I have two df.
data = [['123', ['135', '987']], ['456', ['246', '000', '111']], ['789', ['369']]]
df = pd.DataFrame(data, columns=['case_id', 'case_num']) #create first df
data1 = [[' ', '135'], [' ', '000'], [' ', '369']]
df_target = pd.DataFrame(data1, columns=['case_id', 'case_num']) #create target df
list_of_id = []
for number in df_target['case_num']: #run through the df target's case numbers
temp = []
for list_of_numbers in enumerate(df['case_num']): #run through df's case numbers
if number in list_of_numbers:
temp.append(df.iloc[j]['case_id']) #add the case IDs to the temp list
list_of_id.append(temp) #append and save the relevant case IDs
It does what it is supposed to do, but the data frame is so big that it is taking a long time.

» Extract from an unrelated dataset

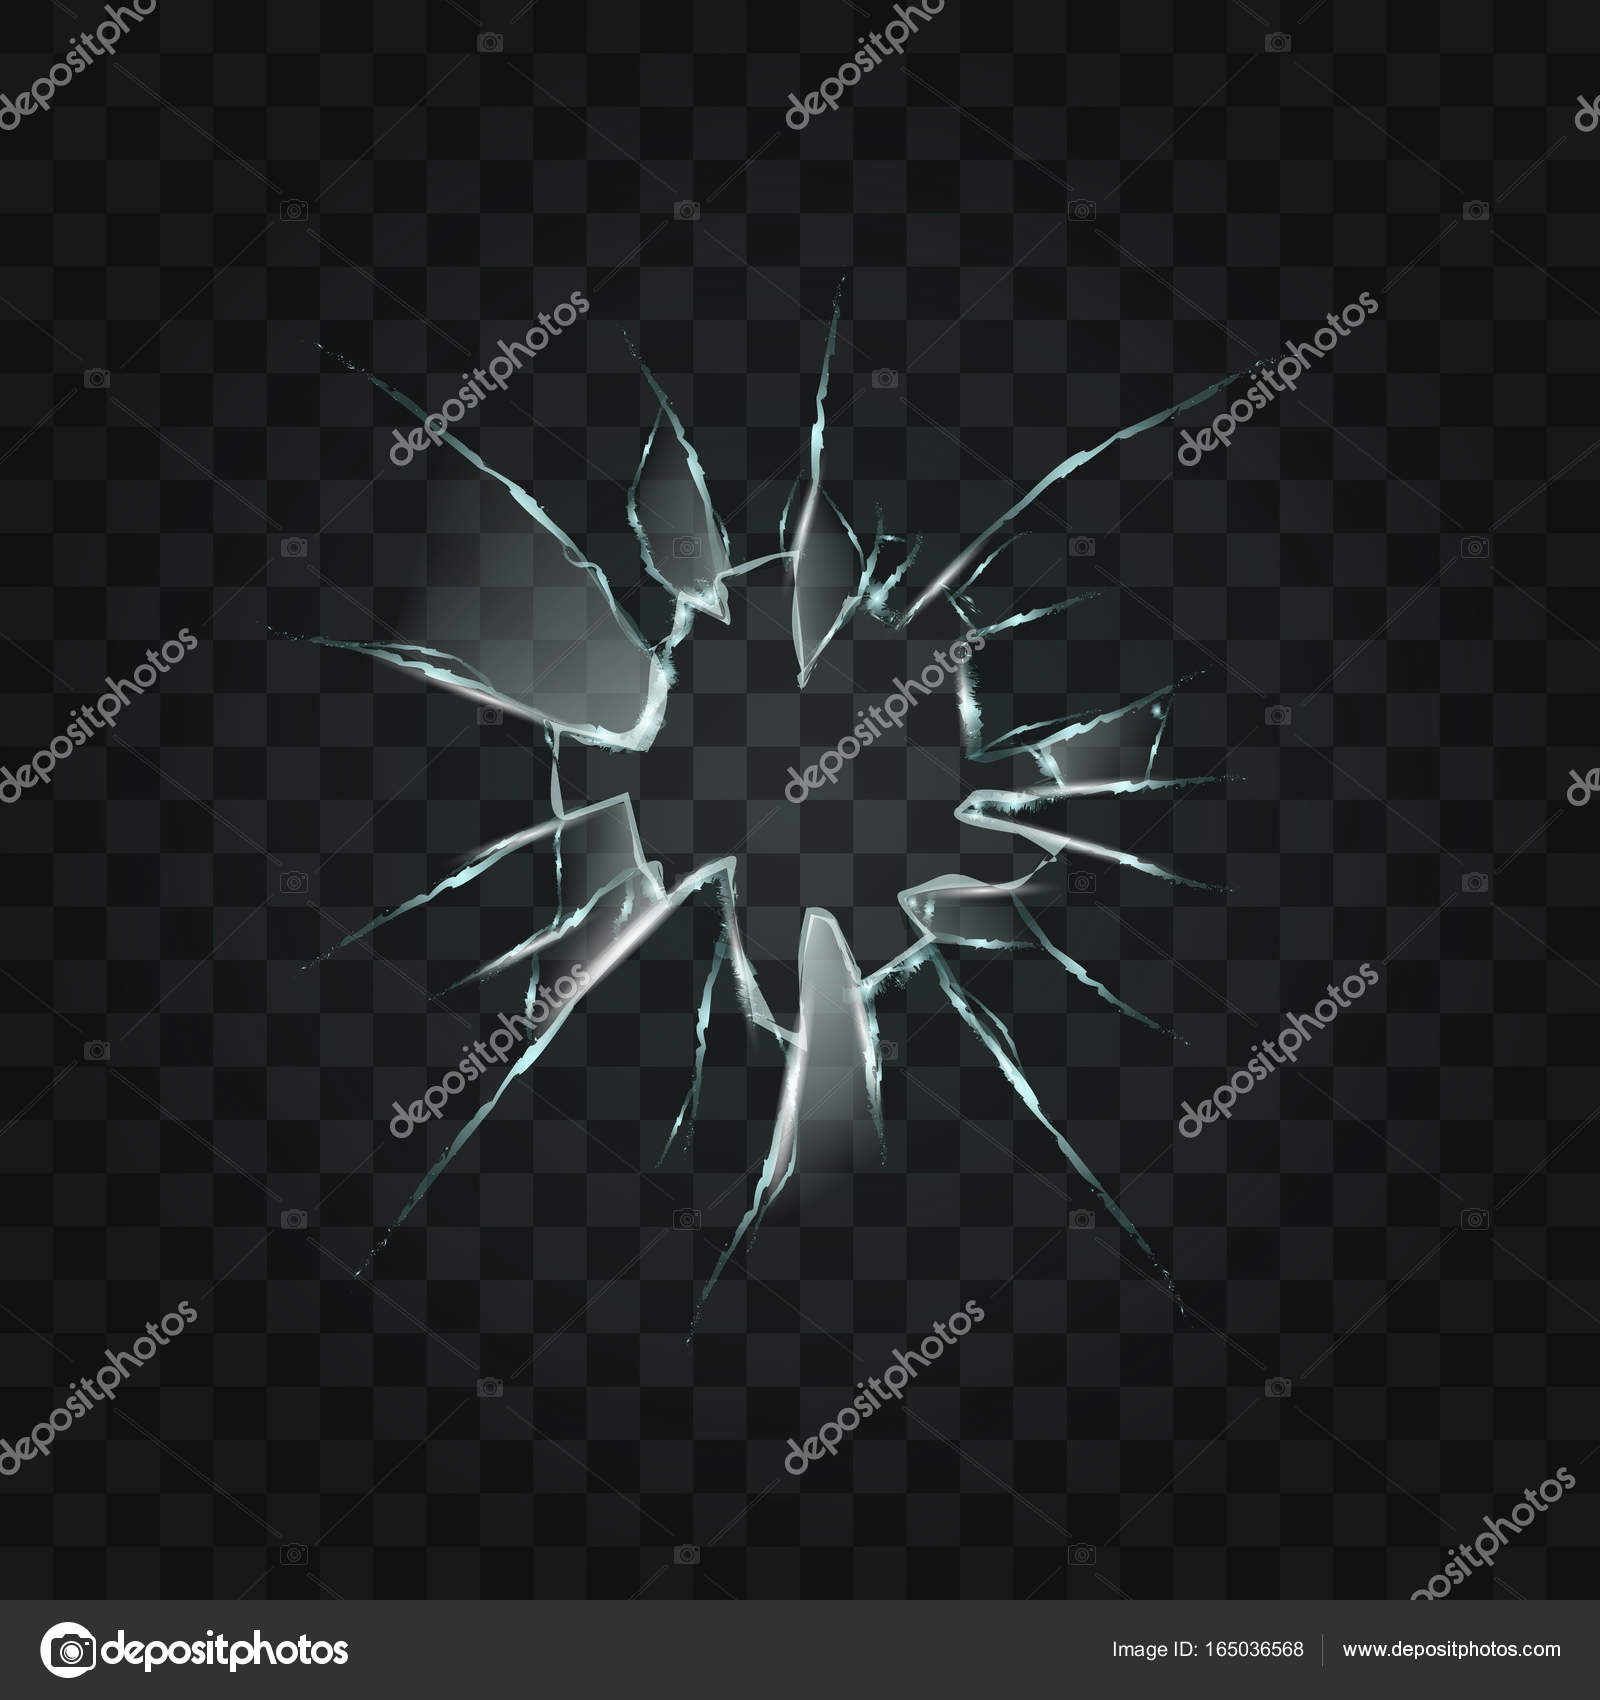 Genoeg Gebroken raam gat transparant glas — Stockvector © prahprah #165036568 IZ09

I know sometimes I don't have to use two 'for' loop, so is there another way?
Edit:
Expected Output should be that df_target has the corresponding 'case_id'. The code I showed above only put the corresponding 'case_id' in a list.
CodePudding user response:
IIUC the objective is to fill in the missing case_id, then this is another way to accomplish it
explode the list in your 'df', so there is 1:1 b/w case-id and case-num secondly, merge the two DFs
here is the code
df=df.explode('case_num')
df_target.merge(df, on='case_num', suffixes=('' , '_new'))
case_id case_num case_id_new
0 135 123
1 000 456
2 369 789
CodePudding user response:
import pandas as pd
data = [['123', ['135', '987']], ['456', ['246', '000', '111']], ['789', ['369']]]
df = pd.DataFrame(data, columns=['case_id', 'case_num']) #create first df
data1 = [[' ', '135'], [' ', '000'], [' ', '369']]
df_target = pd.DataFrame(data1, columns=['case_id', 'case_num']) #create target df
df_target = df_target[['case_num']].merge(df.explode('case_num').drop_duplicates(), how = 'left', on = 'case_num')
df_target